で、早速

「人権について」
ジョン・ロールズ「万民の法」
「原初状態」から導出される「正義の二原理」。その中で、前提にされる「無知のヴェール」(自身の身分・階級・資産・能力・体力などの情報をまったく持たないとき)*1
という仮定。(この仮定そのものに問題が大きいことは分かっていますが・・・)
構成主義的手続きとしての「反照的均衡」(内省的均衡)。本質としては熟慮の行程であるといえようが、正義の枠内での権力の綱渡り的な拡大をも肯定してしまわないかという危険性もあるのではないかと思う。正義という枠さえ超えなければ、その権力の正当性はある意味正当化されてしまうように取れるからだ。

「正義論」と「PoliticalLiberalism」の最も大きな変化とも思える。重なり合う合意(overlappingconsensus)という概念の導入が結果的にもたらしたもの。私などは絶対的基底性を持つ「正義」という概念からのある種の後退とも取れるのですが。だからといって絶対的「正義」を規定することの危険性を避ける場合にとるべき方策についてまでは考えが及ばないというのが現状です。(ロールズが、正義の絶対化に依る危険性故に重なり合う合意の概念を持ち出してきたとは思えませんが・・・)

普遍性をもって拡大するためには、常にミニマム・スタンダードである必要があることは容易に同意できる点であると思います。
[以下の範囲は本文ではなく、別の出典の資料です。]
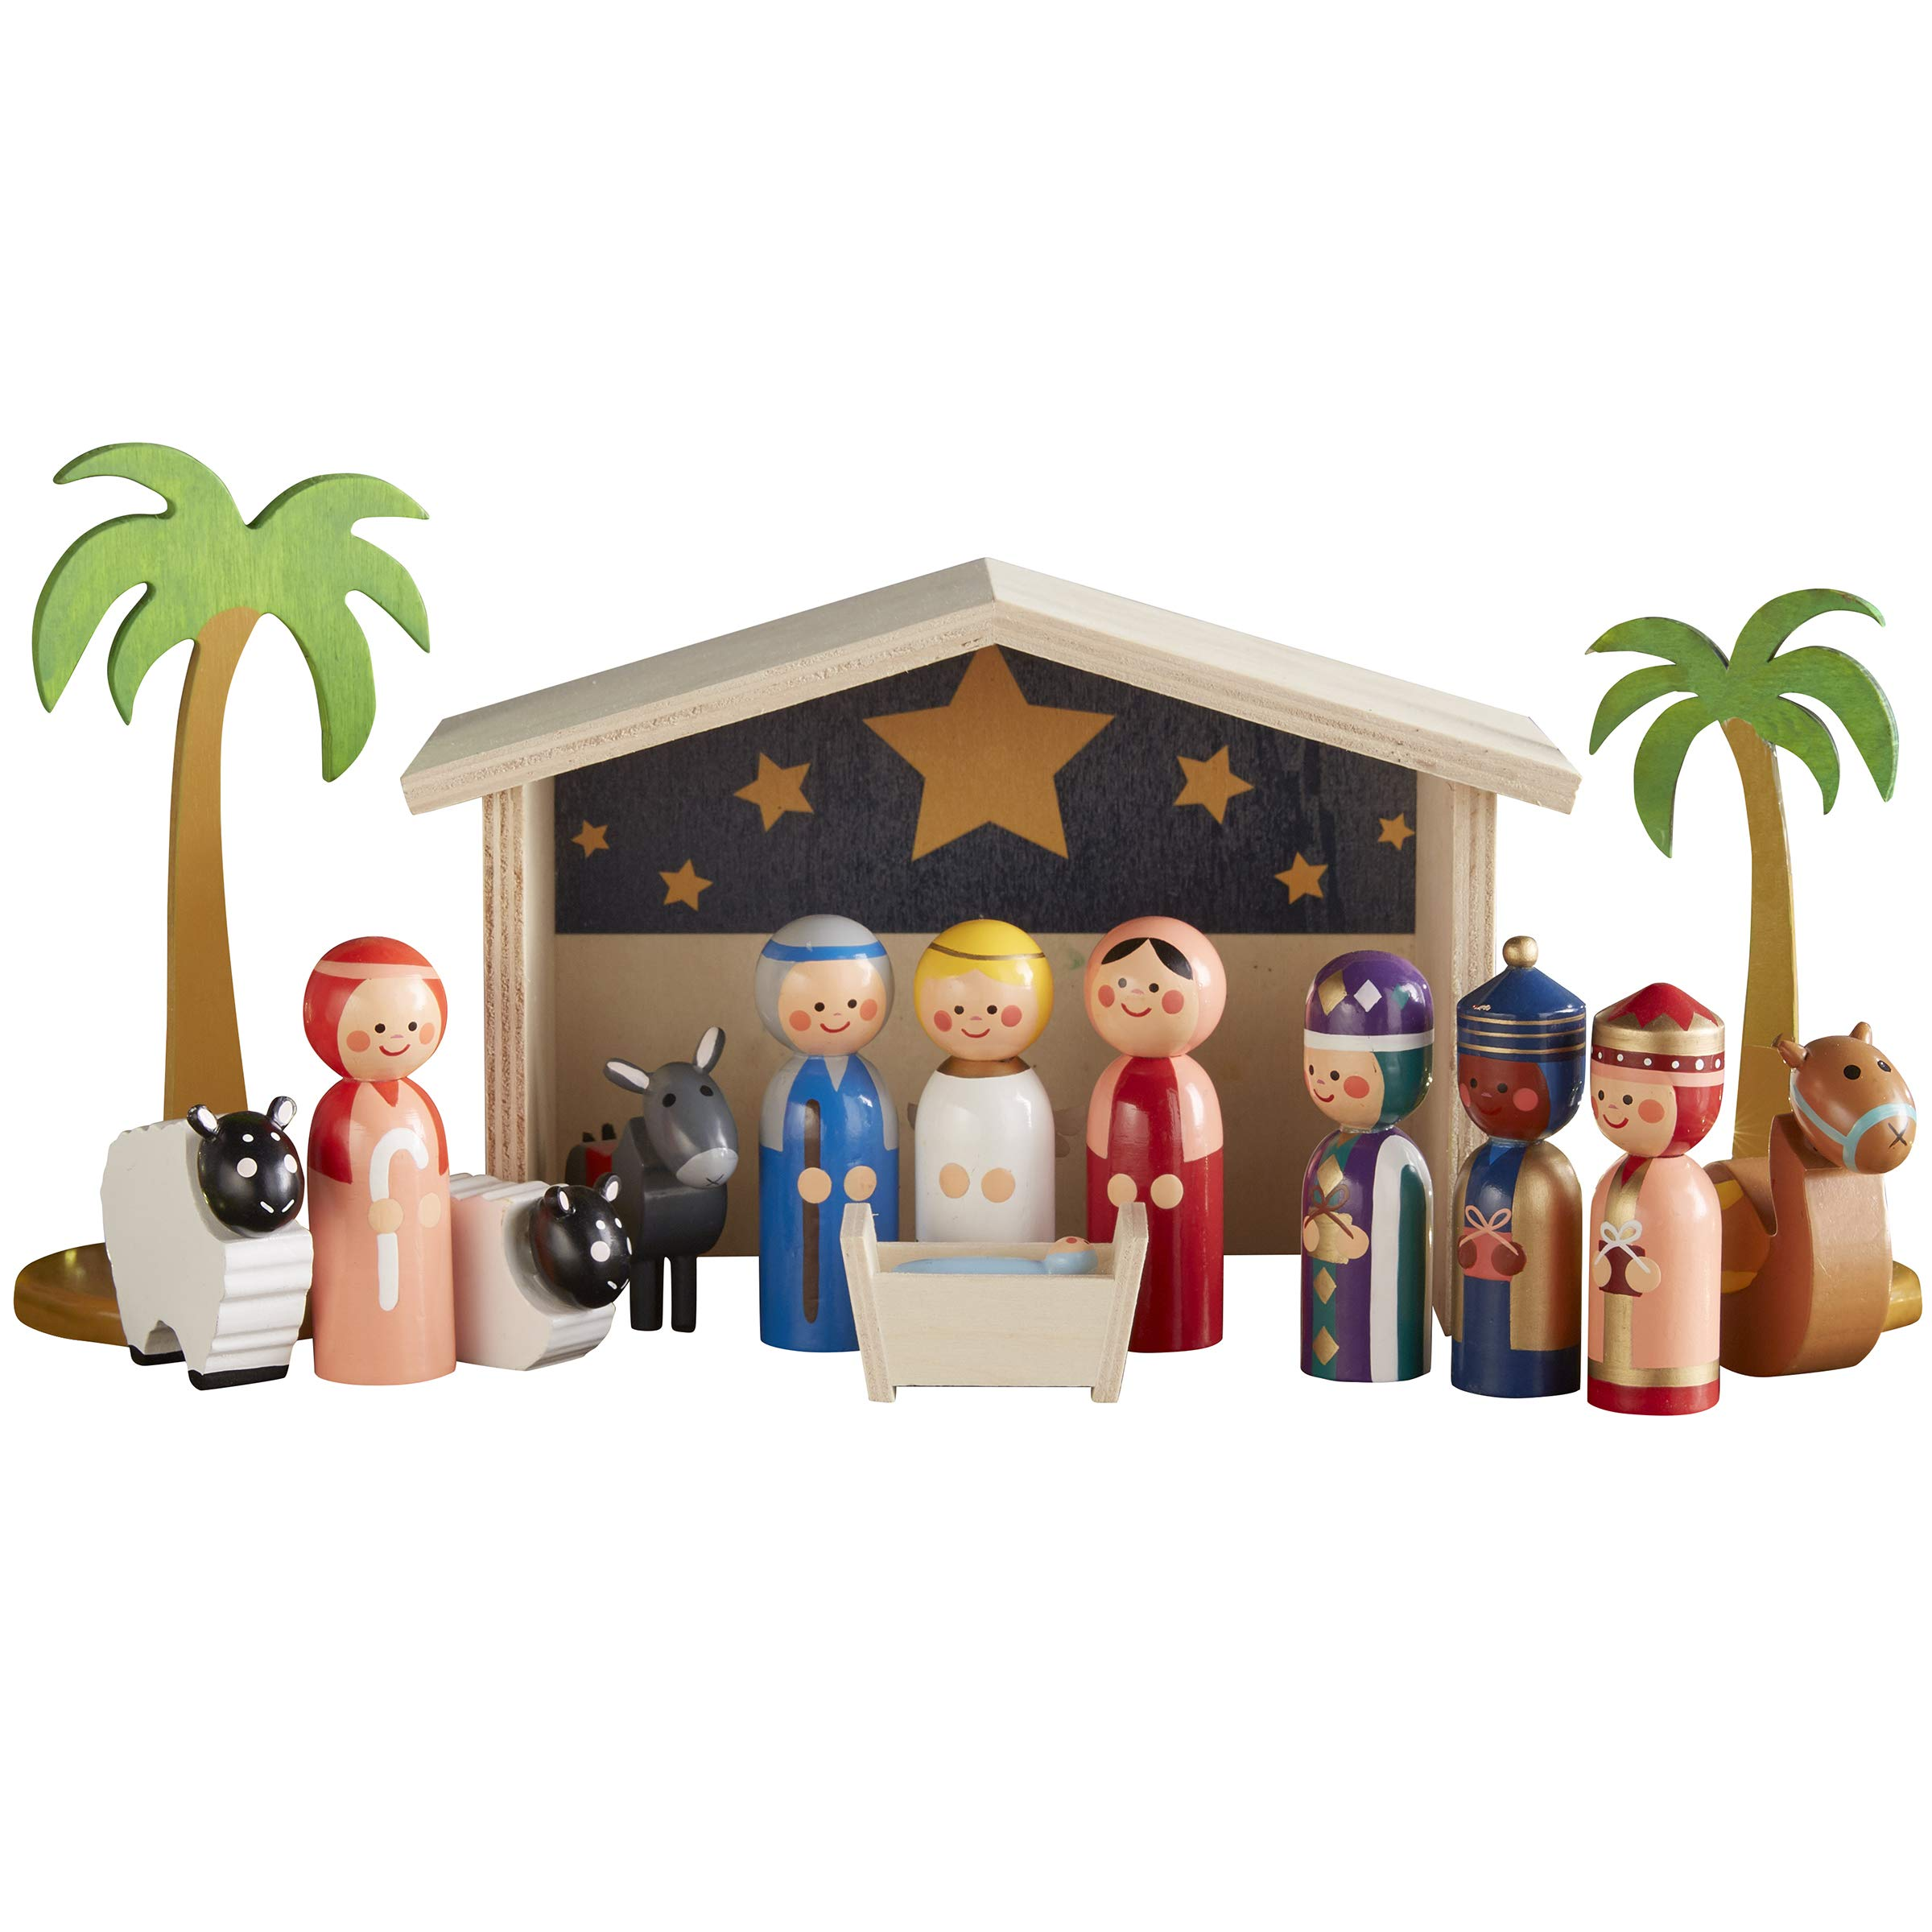 FAO Schwarz Holiday Nativity Set Wood 15pc

抑圧性を排除しようという観点から、他者を抑圧するというのはその体制を押し広げようとする主体内面において矛盾を来たすと思われるからです。そのラインを何処に引くことが妥当なのか?やはり、同意できるライン、同意させられるラインという現実性の追及の段階になると重なり合う合意になるのでしょうか・・・

ロールズの日本で使われている文脈というのは「倫理学」「哲学」が多いんでしょうか?「政治学」的使い方というか(検索をかけてみた範囲では)言及があまりない気がしました。